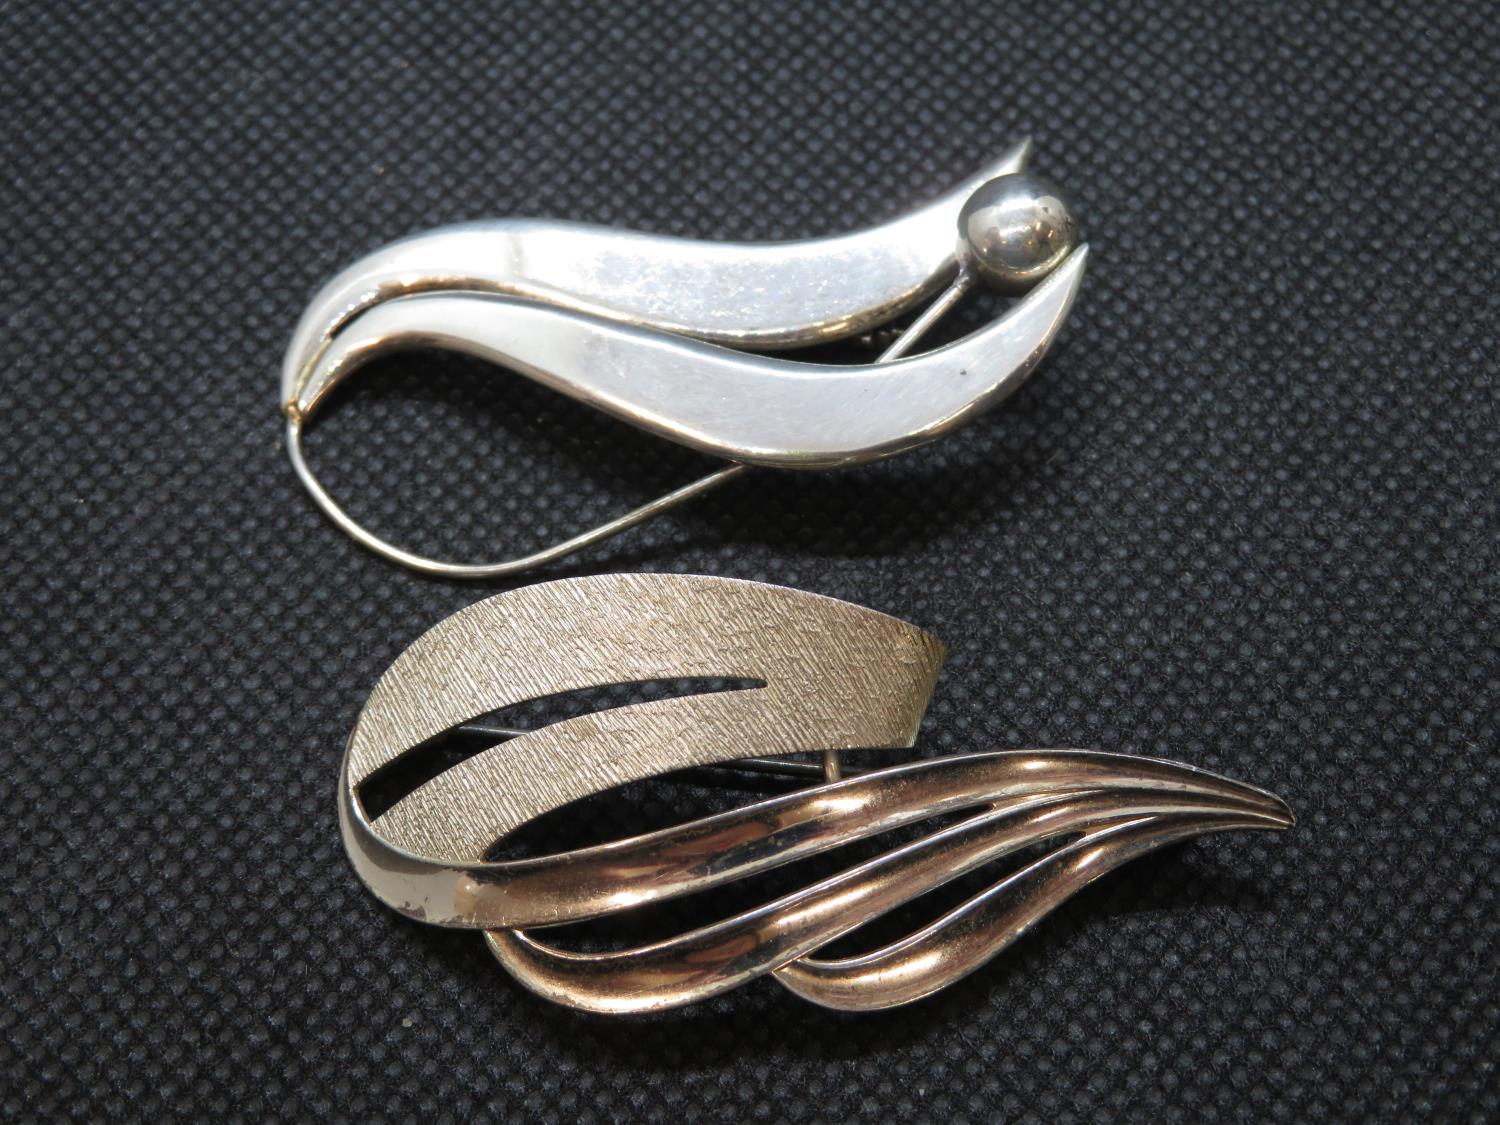 2x modernist silver brooches both HM 18g
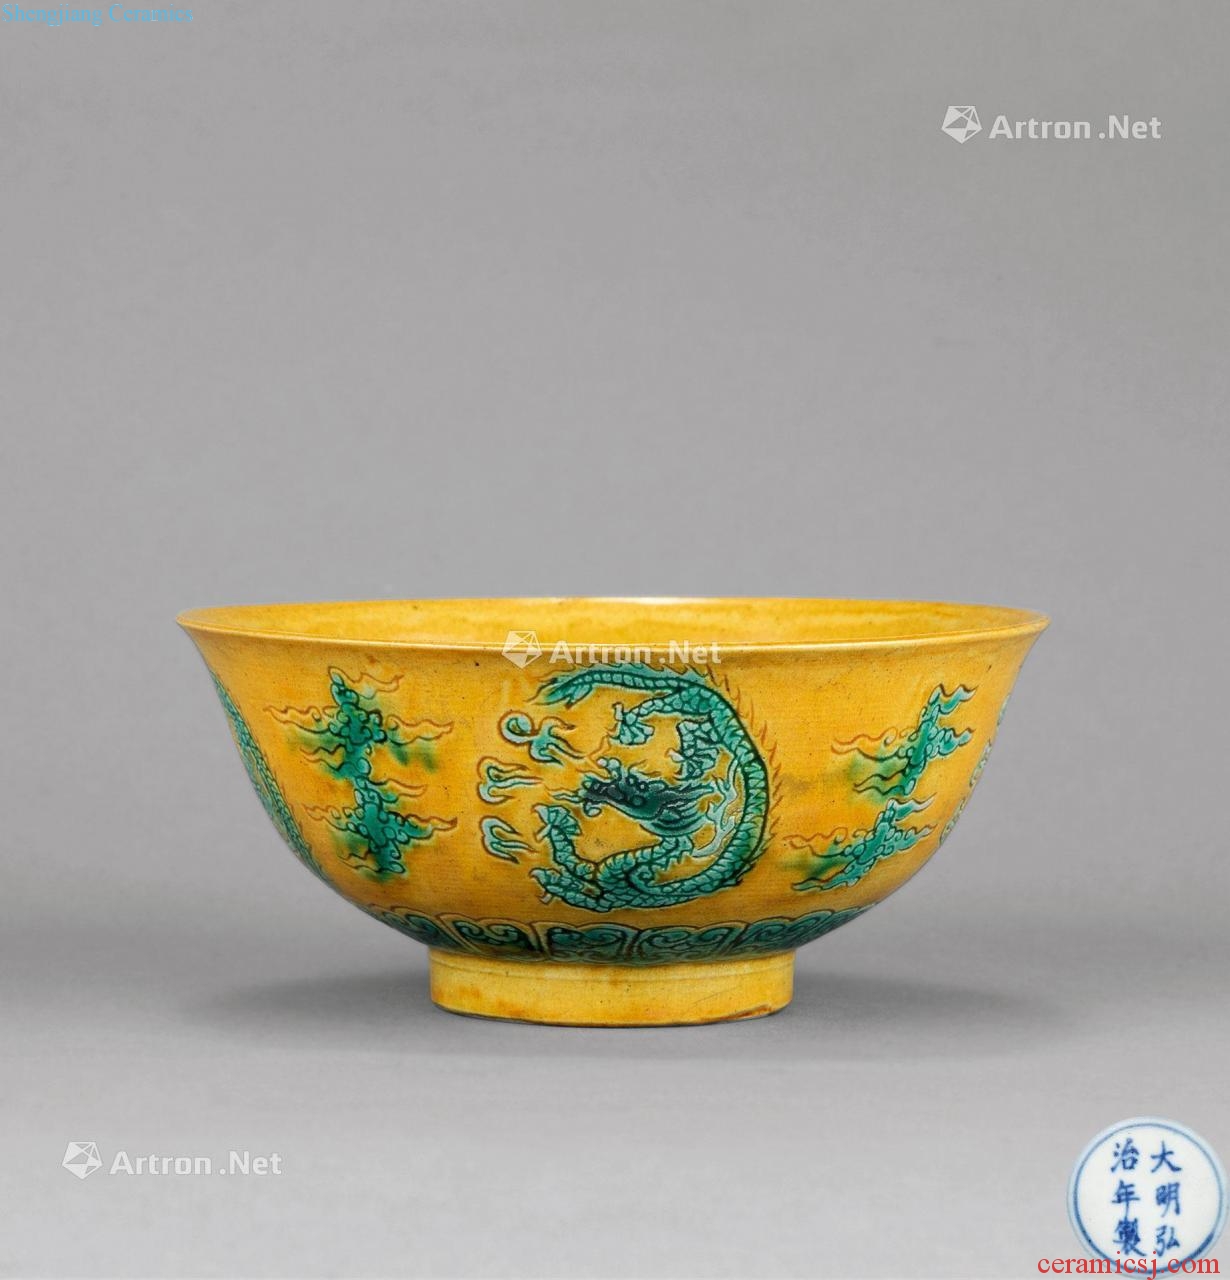 In the Ming dynasty Yellow self-identify CaiTuan dragon bowls
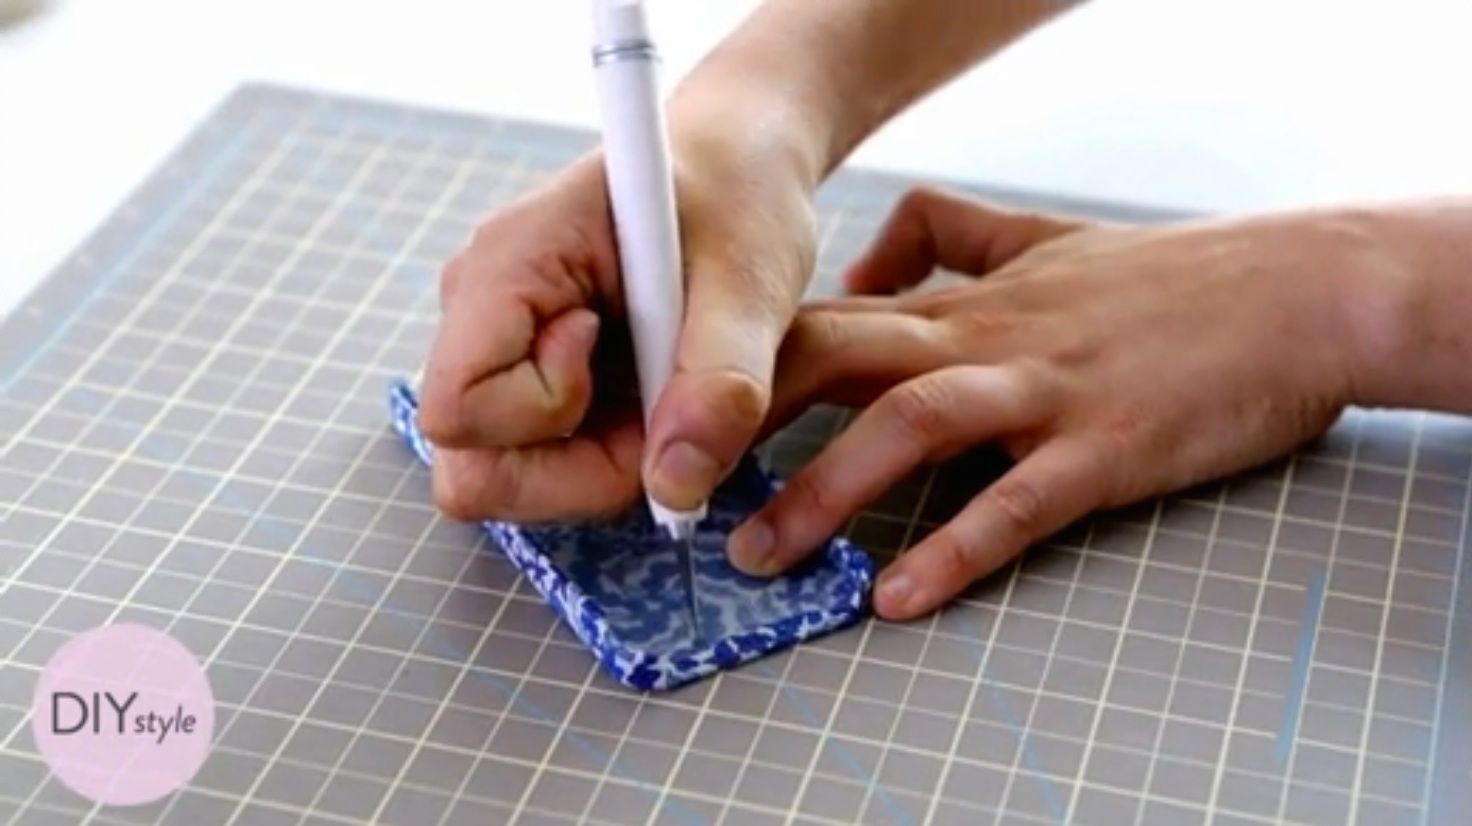 DIY fabric iPhone case: step by step instructional video on Martha Stewart
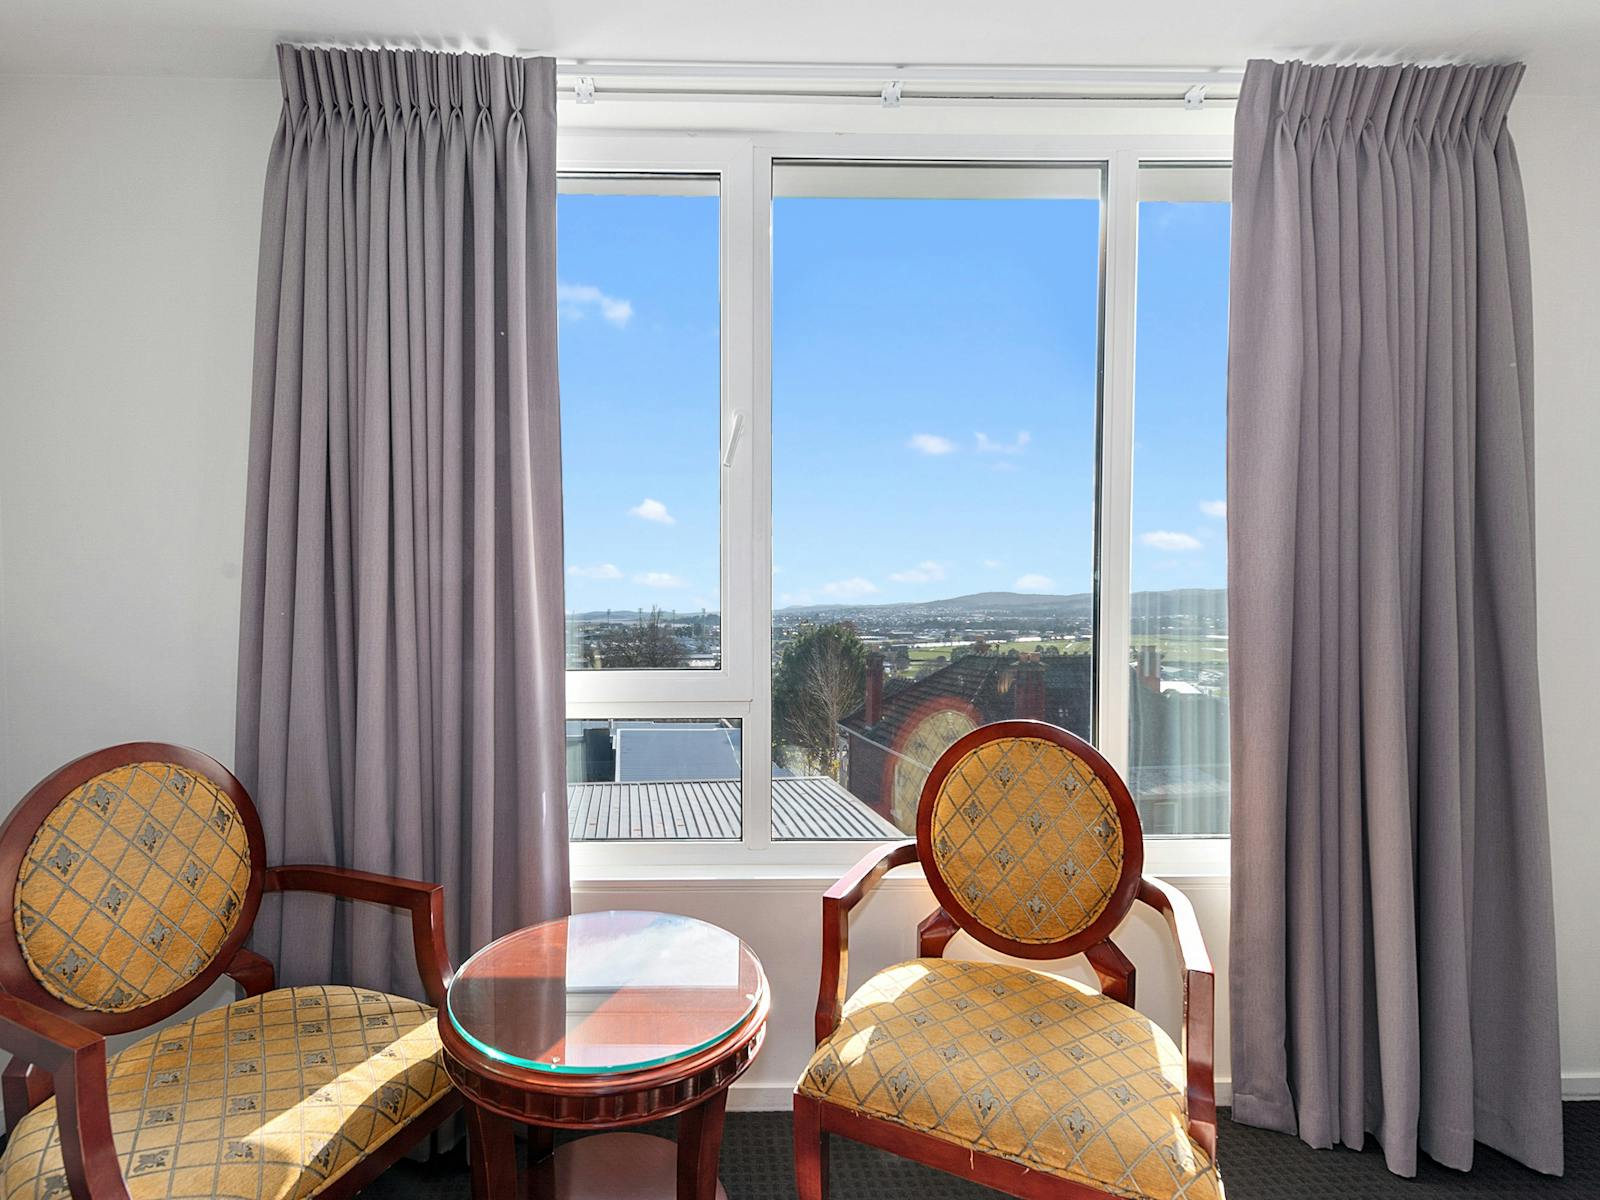 Each guest room is offering a view overlooking the city.

====

WHAT YOU HAVE TO DO —
Beginning at the line with "In the Ming" and ending at the last line of the listing above, retype each line exactly, including those two lines. Leave the pictures out.

FINISHED TASK —
 In the Ming dynasty Yellow self-identify CaiTuan dragon bowls
 DIY fabric iPhone case: step by step instructional video on Martha Stewart
 Each guest room is offering a view overlooking the city.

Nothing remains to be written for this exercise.